Le proposte dei componenti eletti di Magistratura Indipendente e di Movimento per la Costituzione

  1. Correntismo

La nuova A.N.M. dovrà, attraverso un’azione che rifletta le diversa anime dell’associazionismo e ne racchiuda tutte le sensibilità, operare con discontinuità nei contenuti e nei metodi se vuole essere una rappresentanza nuova, apolitica, che pone al centro della sua azione la tutela dei magistrati e i temi sindacali, e per questa ragione l’azione associativa non potrà essere mera riproposizione di tatticismi finalizzati a uniformare le diverse anime associative attorno ad un pensiero unico al quale tutti devono omologarsi, a dispetto degli stessi principi e scopi statutari che ne delimitano l’essenza.

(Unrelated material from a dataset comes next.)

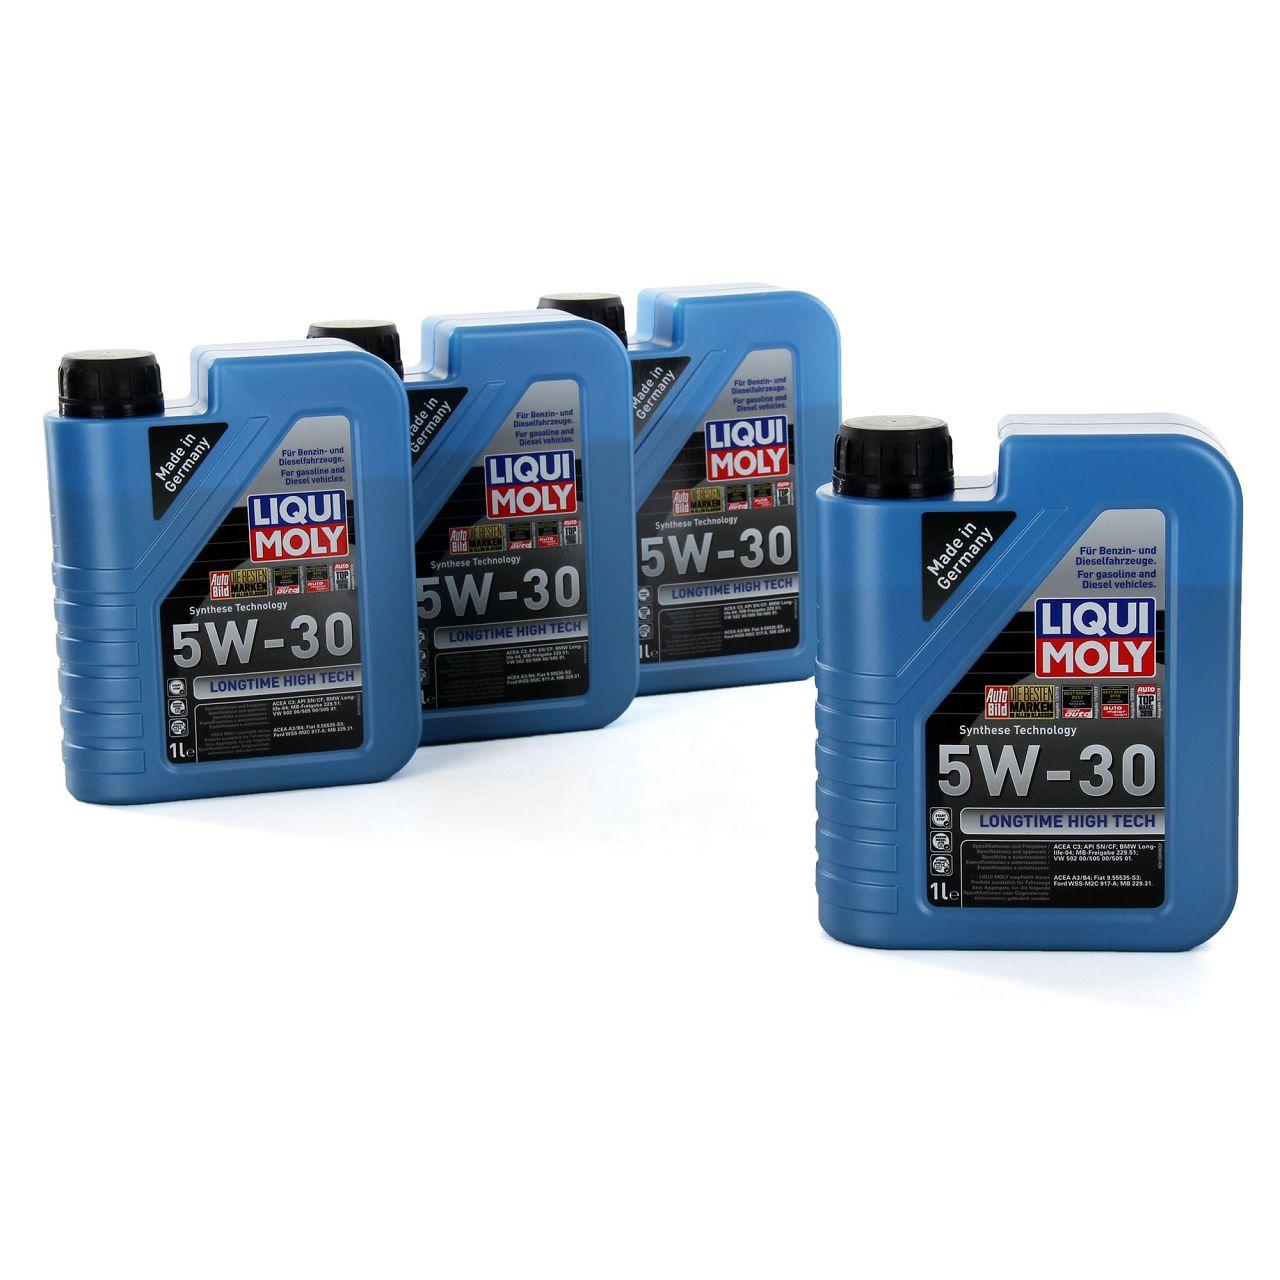 LIQUI MOLY Motoröl Öl LONGTIME HIGH TECH 5W30 5W-30 4L 4Liter 1136

L’insediamento di una nuova ANM, che sia interlocutore credibile per gli altri soggetti istituzionali del Paese, passa necessariamente attraverso la condivisione da parte di tutti i gruppi associativi di un documento che analizzi la crisi dell’associazionismo derivante dalle vicende che hanno interessato il CSM e l’ANM nell’ultimo anno.

Con l’auspicio di una larga convergenza, formuliamo la seguente proposta di delibera per il neo-costituto CDC:

<<L’attività associativa, nella pluralità delle sue articolazioni interne, non deve degenerare in “correntismo”; non deve servire ad esaltare un senso di “appartenenza” funzionale a sostenere i percorsi di carriera dei colleghi; non deve influire sulle autonome scelte del Consiglio superiore.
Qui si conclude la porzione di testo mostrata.